The “Config Service” (OMCFG): In MOM 2005 the centralized configuration store for the management group is the OpsDB. In turn each MOM 2005 management server was querying directly to the OpsDB to get its understanding of configuration. This was a fairly costly process that required constant resource overhead on the DB server, which was already busy enough processing operational data. The OpsDB is still the central store of configuration in OpsMgr 2007, but the RMS server has taken on the role of being the single point of access for that configuration data from the DB via the Config Service. All other systems in the management group get their configuration (directly or indirectly) from the RMS.
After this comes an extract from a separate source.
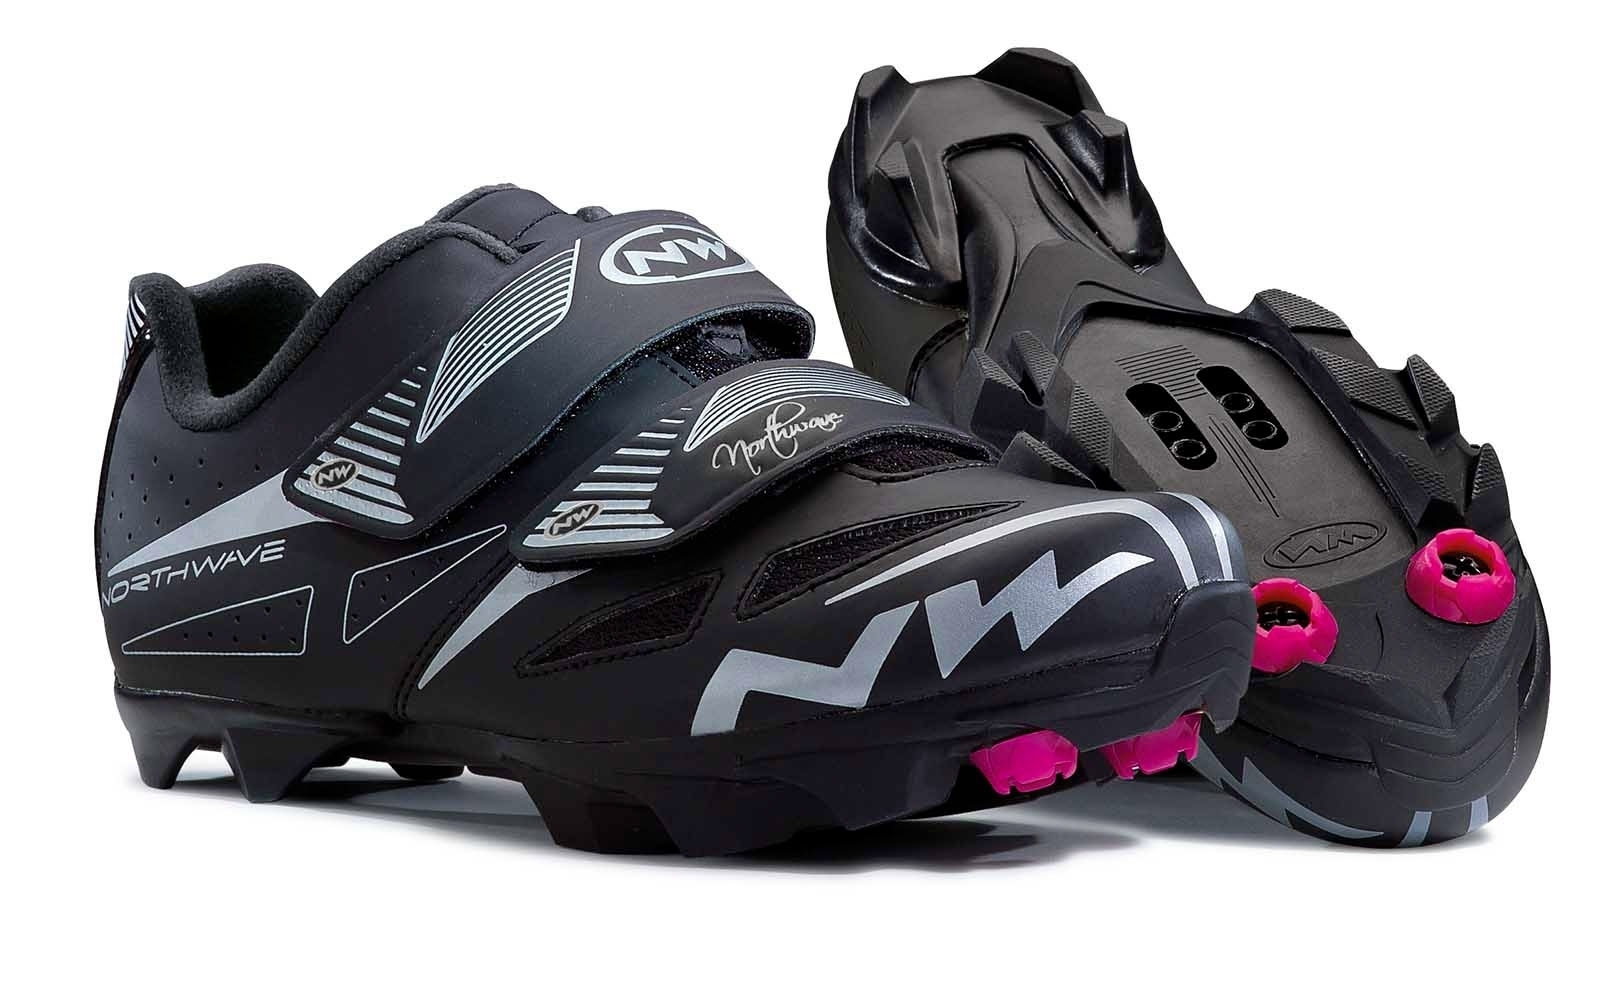 Best price Northwave Woman MTB shoes ELISIR EVO Italy2us.com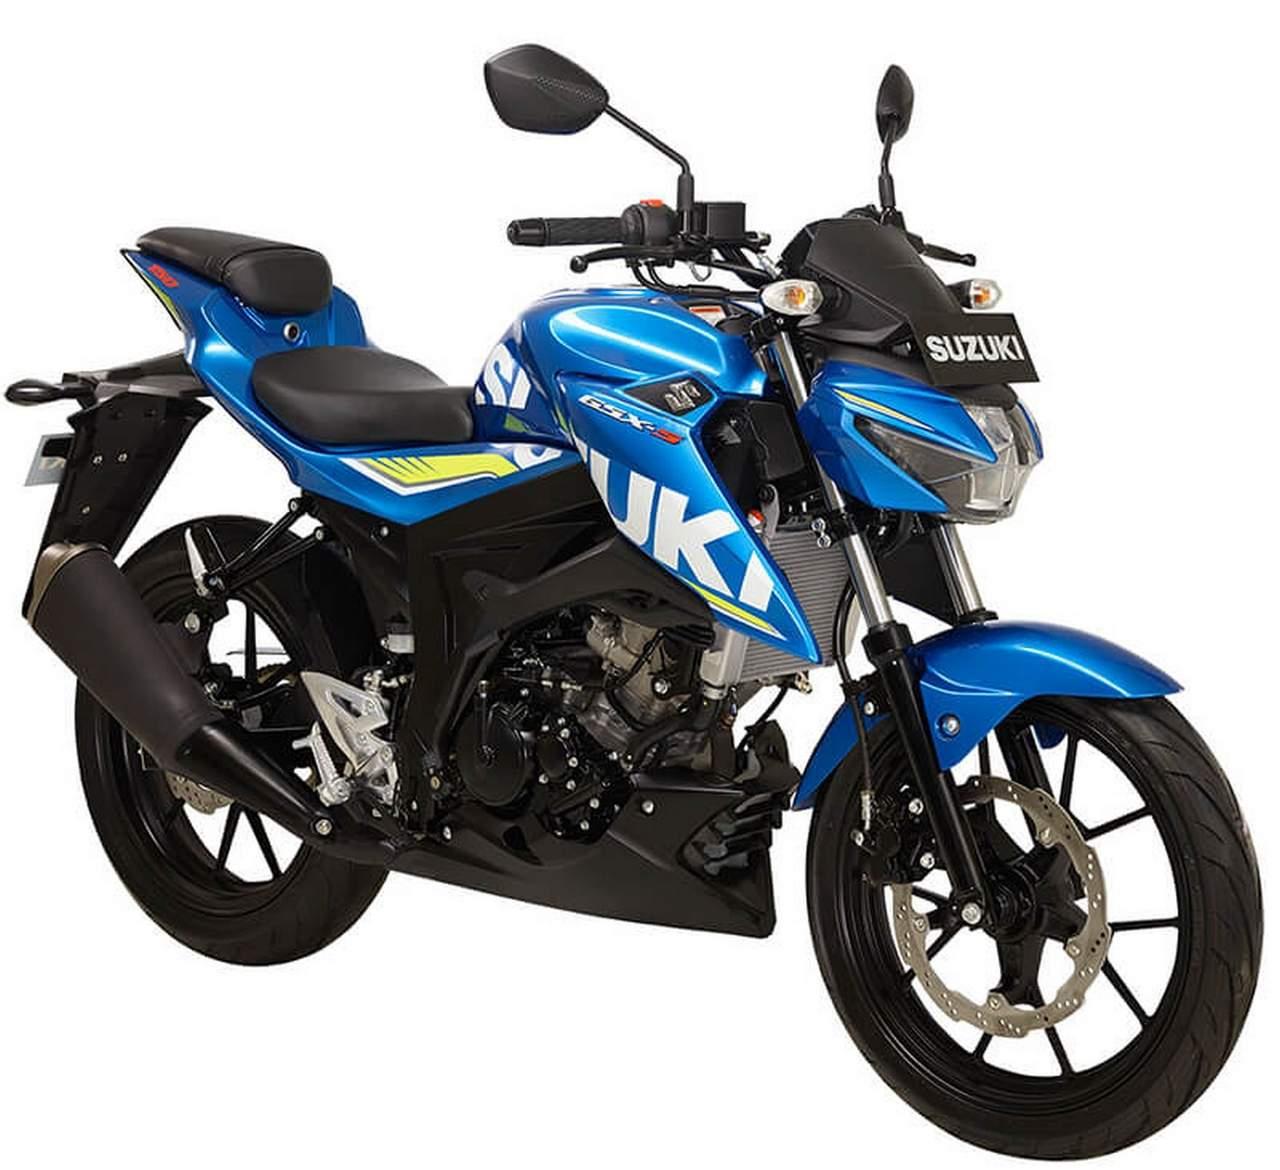 Suzuki Gixxer  Launch Date In India

Workflows under the “Health Service”: A number of distinct workflows, assigned to the RMS by rules in a number of the out of the box MP’s are run exclusively by the HealthService on the RMS. Examples of these workflows include “AD assignment rules”, “Notifications”, “Health Watcher Instances” and the “OpsDB partitioning and grooming processes”. In effect many things that in MOM 2005 used to be scripts, or SQL jobs or functionality written directly into product code is now running as a rule on the RMS.
The RMS Platform
Now that you have a basic idea of the role an RMS plays in a management group let’s talk a bit about how Microsoft IT deployed this role. Given all the distinct functions the RMS serves, and the scale of IT’s management groups, they opted for the same server platform as their Operational Database (OpsDB) servers:
o Server Model: HP ProLiant DL385 G1
o Processors: 2 x dual core (4 procs in the OS’ eyes) 2.2 Ghz AMD Opteron Processors:
o RAM: 8 GB
o Drives: 2 SAN drives; one for the cluster quorum and the other for storing the various OpsMgr 2007 service state directories that are shared between nodes of the RMS.
o Quorum drive: 2GB RAID 5 – nothing fancy here; less than 20mb is actually in use.
o State drive: 10GB RAID 0+1: Typically less than 3GB of actually data on this drive but I/O is high at scale.
o OS: Windows Server 2003 Enterprise x64 Edition with SP1
Using that platform Microsoft IT has seen the average RMS at 38.6% CPU utilization and memory paging of ~86 pages/sec. The state drive is quite busy sustaining an average of ~1200 transfers/sec and an average data rate of 14.89MB per second. In both cases ~95% of the drive activity is writes.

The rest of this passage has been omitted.